WHAT IS NEEDED: In your copy, leave out the pictures and reproduce the listing below exactly.

──────────

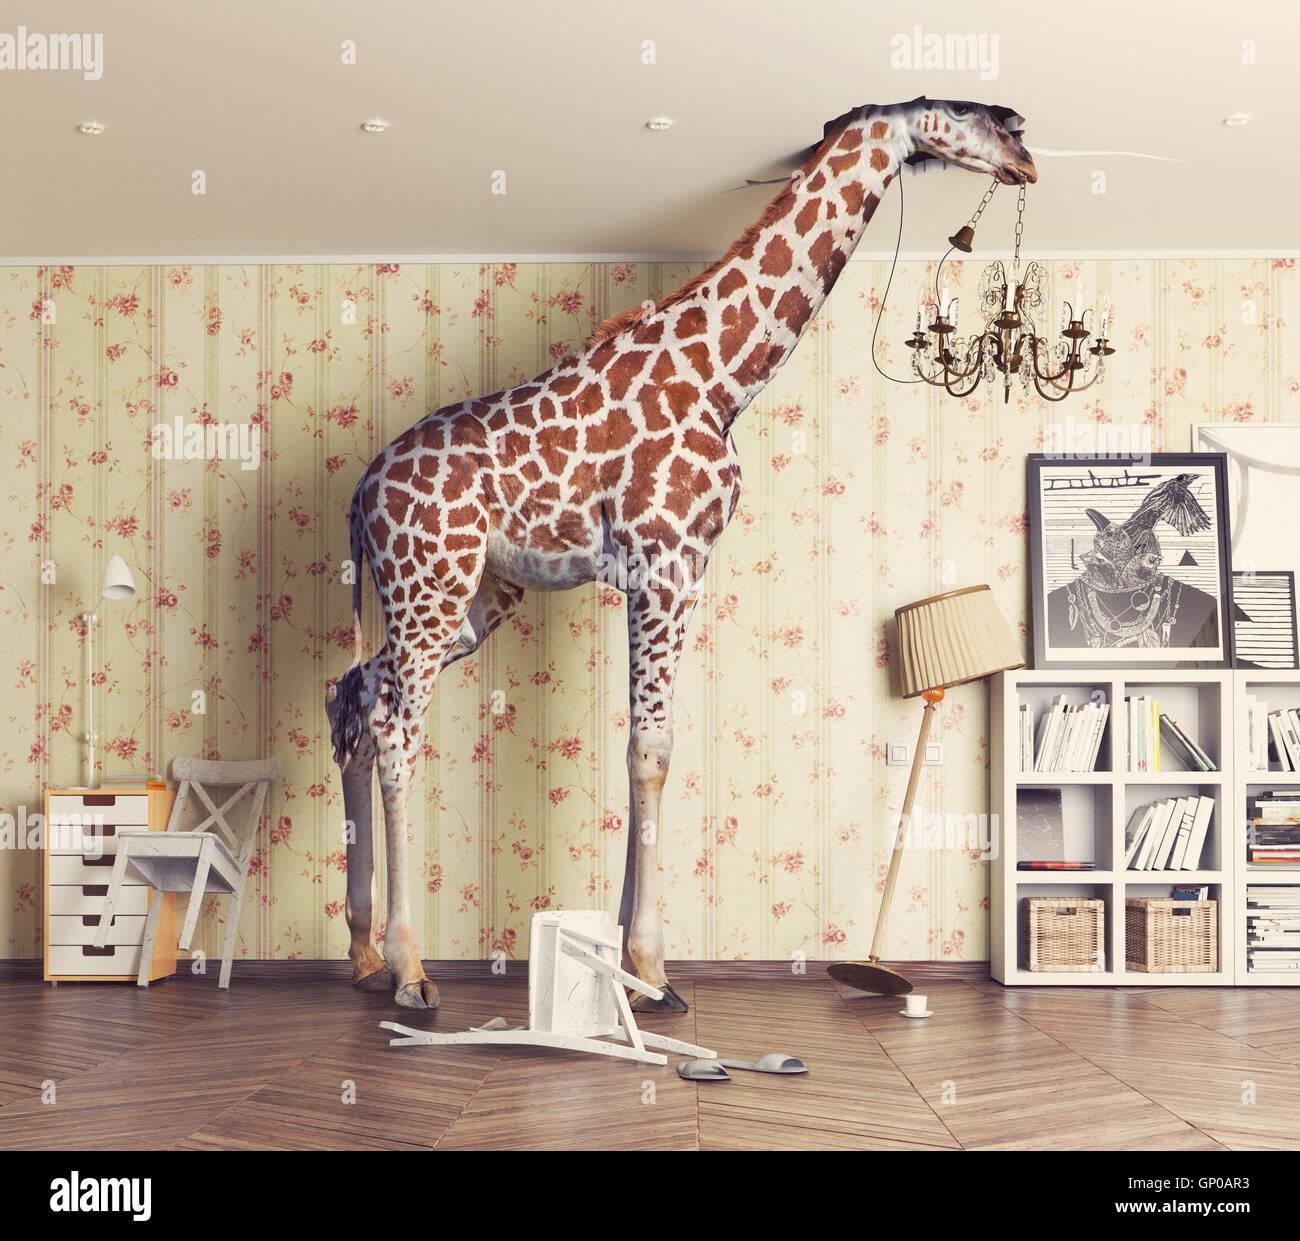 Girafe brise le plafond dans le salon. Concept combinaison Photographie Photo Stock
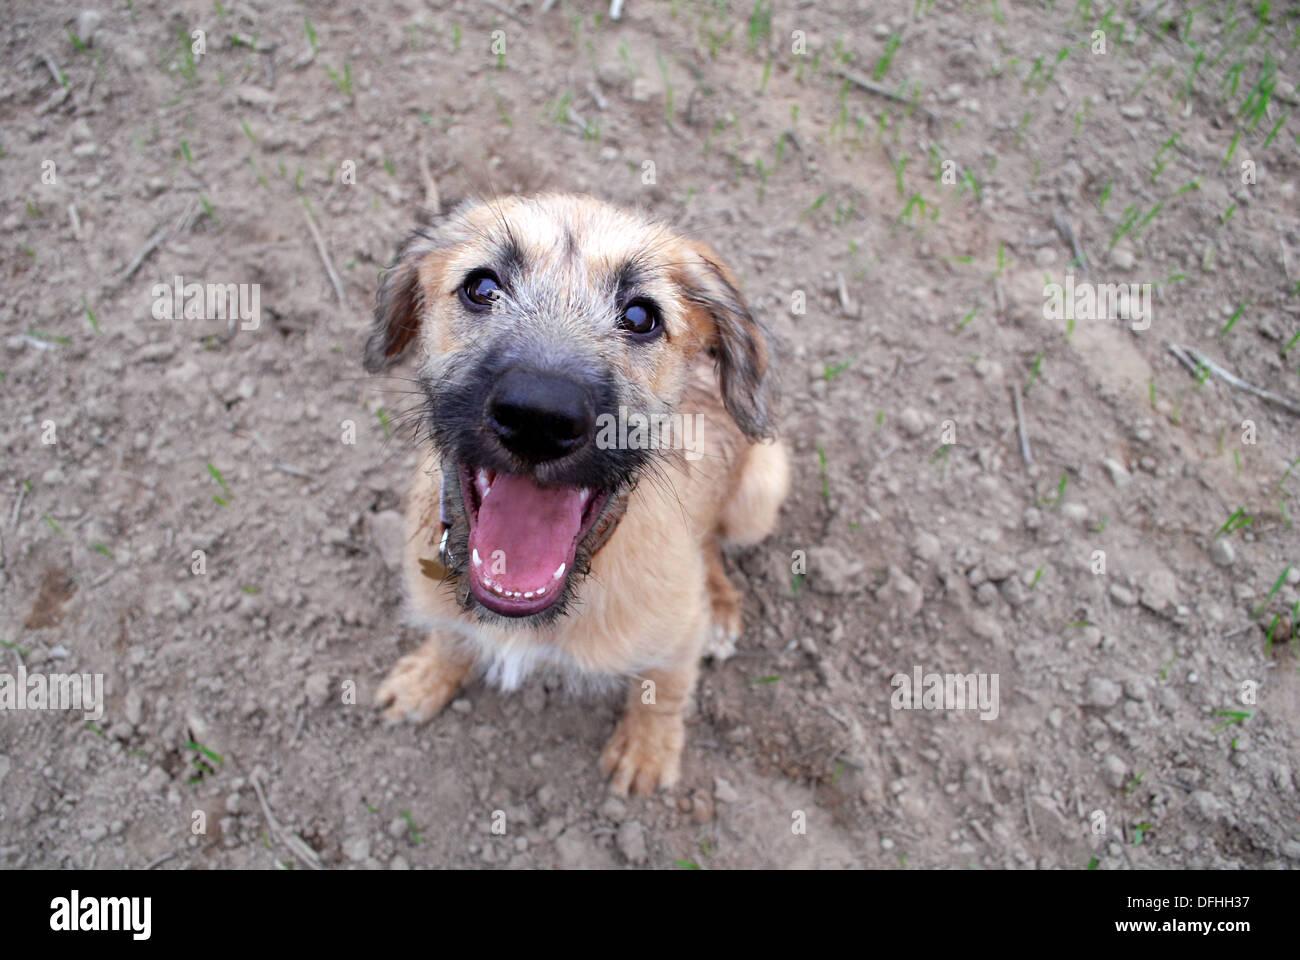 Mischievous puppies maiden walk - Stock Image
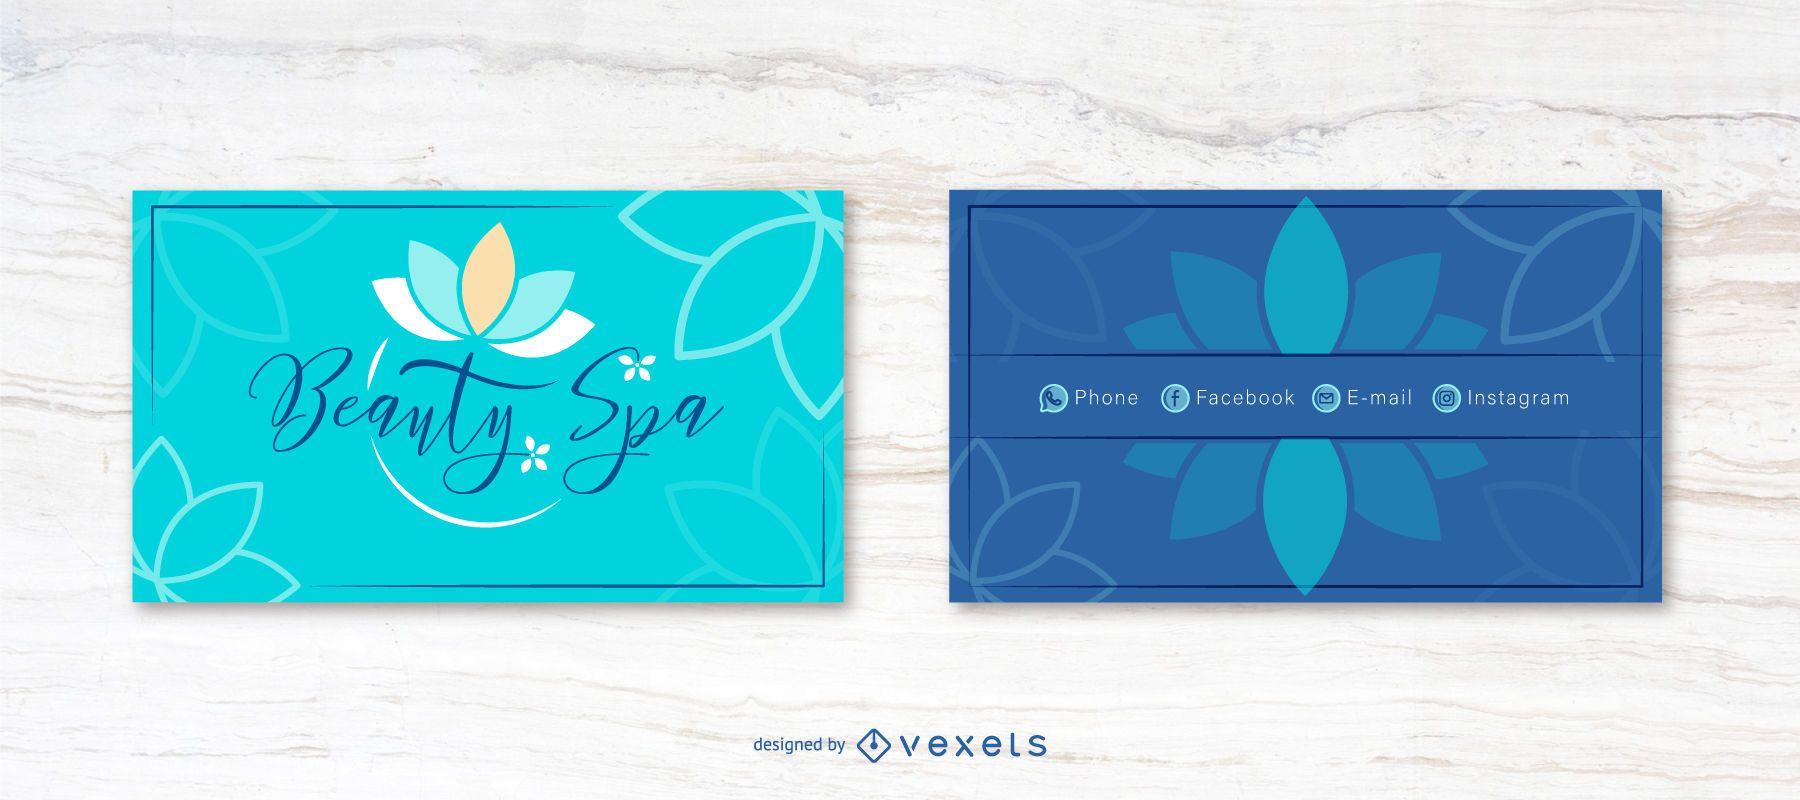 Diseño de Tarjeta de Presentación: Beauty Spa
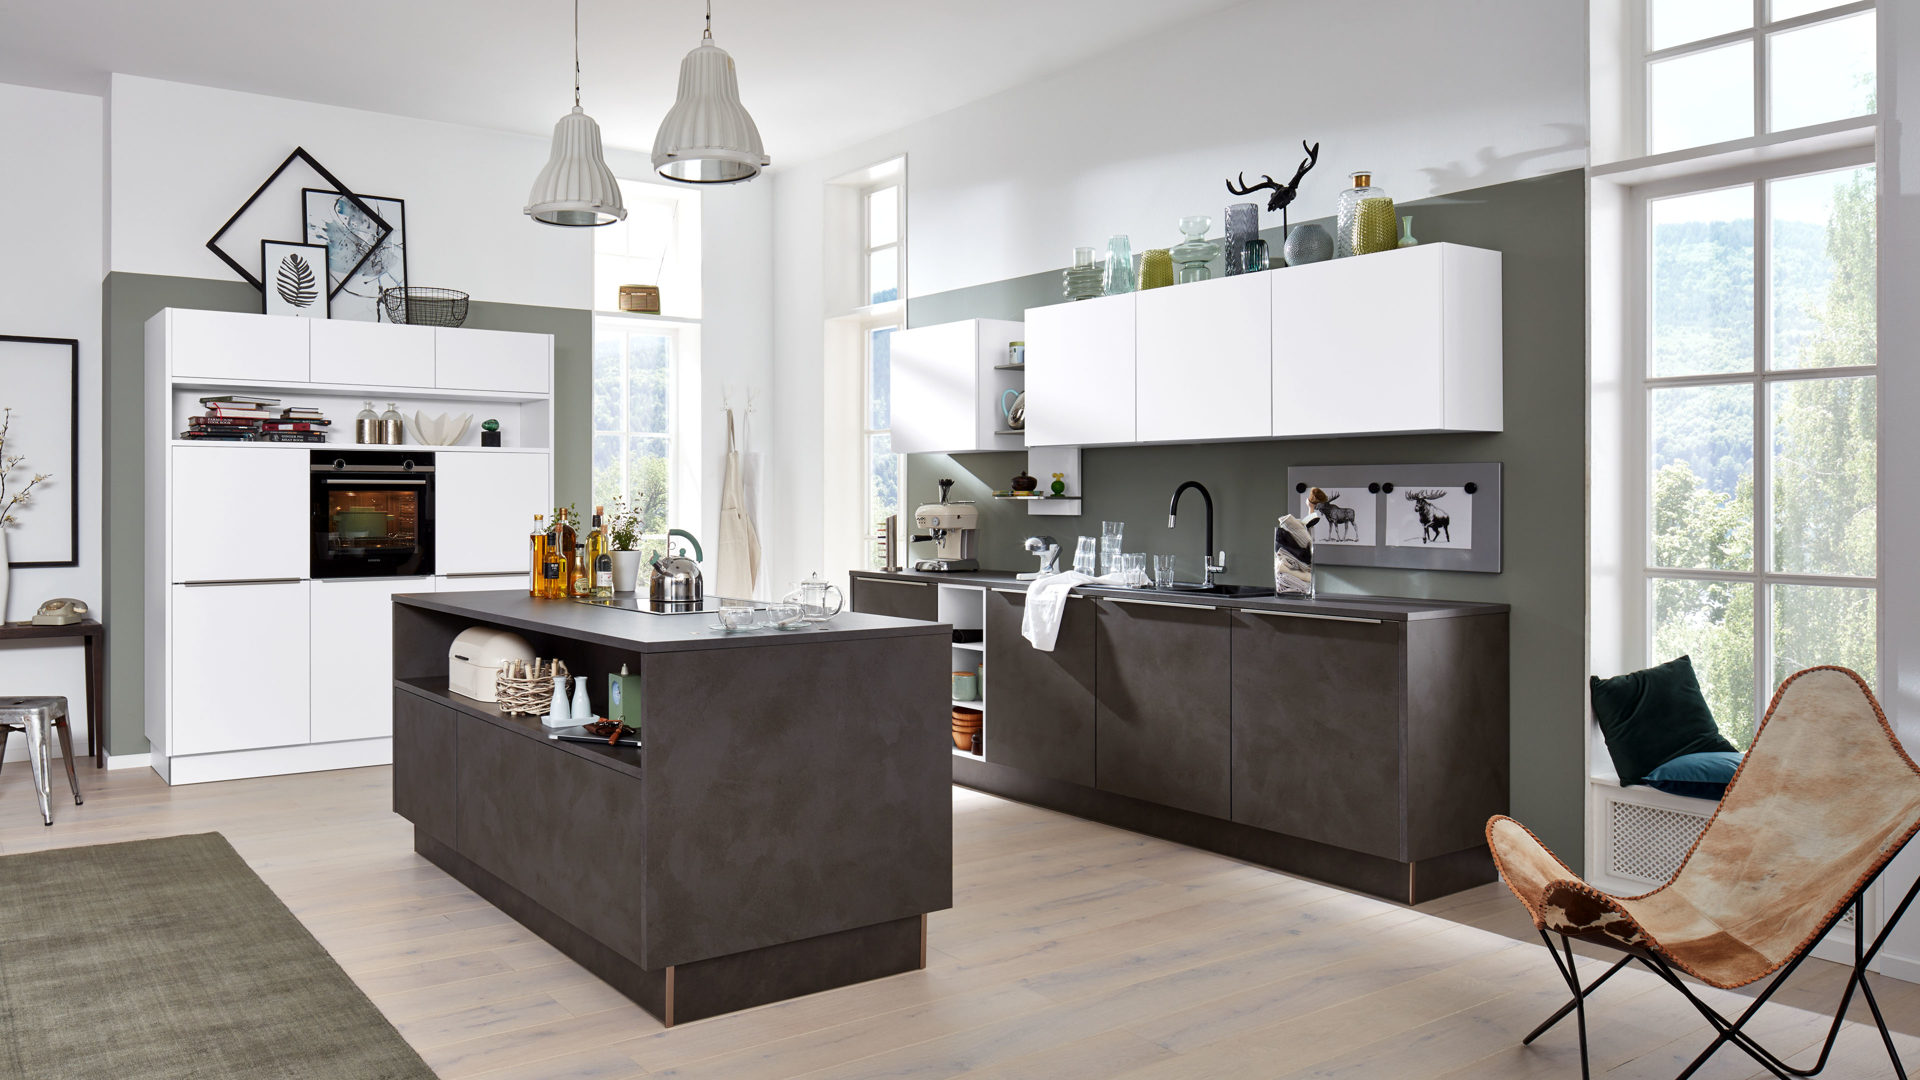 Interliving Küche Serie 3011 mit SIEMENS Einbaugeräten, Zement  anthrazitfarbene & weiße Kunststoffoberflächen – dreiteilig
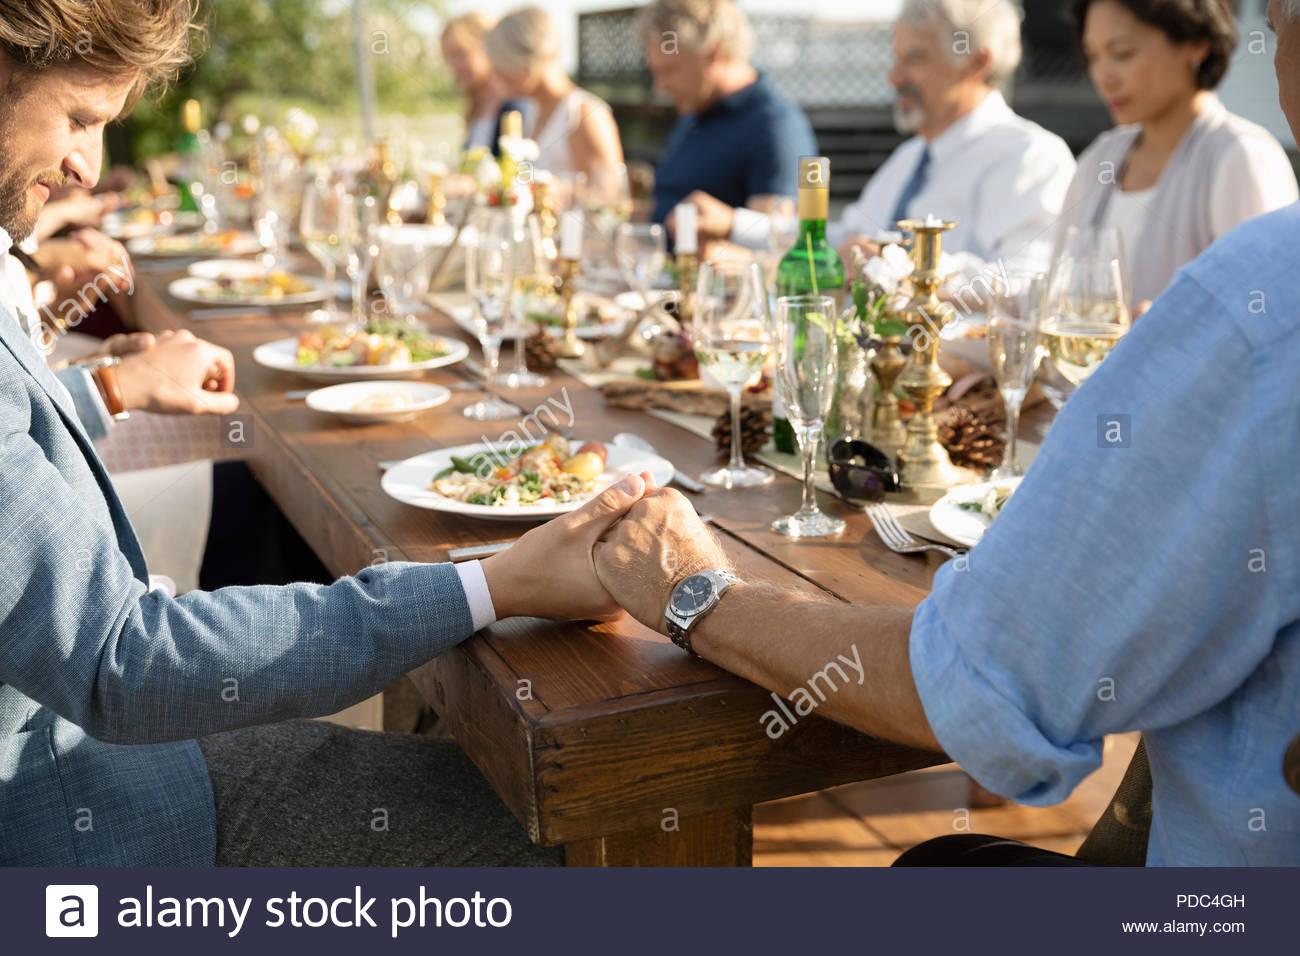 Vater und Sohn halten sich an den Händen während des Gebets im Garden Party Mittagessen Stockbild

──────────

ANSWER SPACE:
 Girafe brise le plafond dans le salon. Concept combinaison Photographie Photo Stock
 Mischievous puppies maiden walk - Stock Image
 Diseño de Tarjeta de Presentación: Beauty Spa
 Interliving Küche Serie 3011 mit SIEMENS Einbaugeräten, Zement  anthrazitfarbene & weiße Kunststoffoberflächen – dreiteilig
 Vater und Sohn halten sich an den Händen während des Gebets im Garden Party Mittagessen Stockbild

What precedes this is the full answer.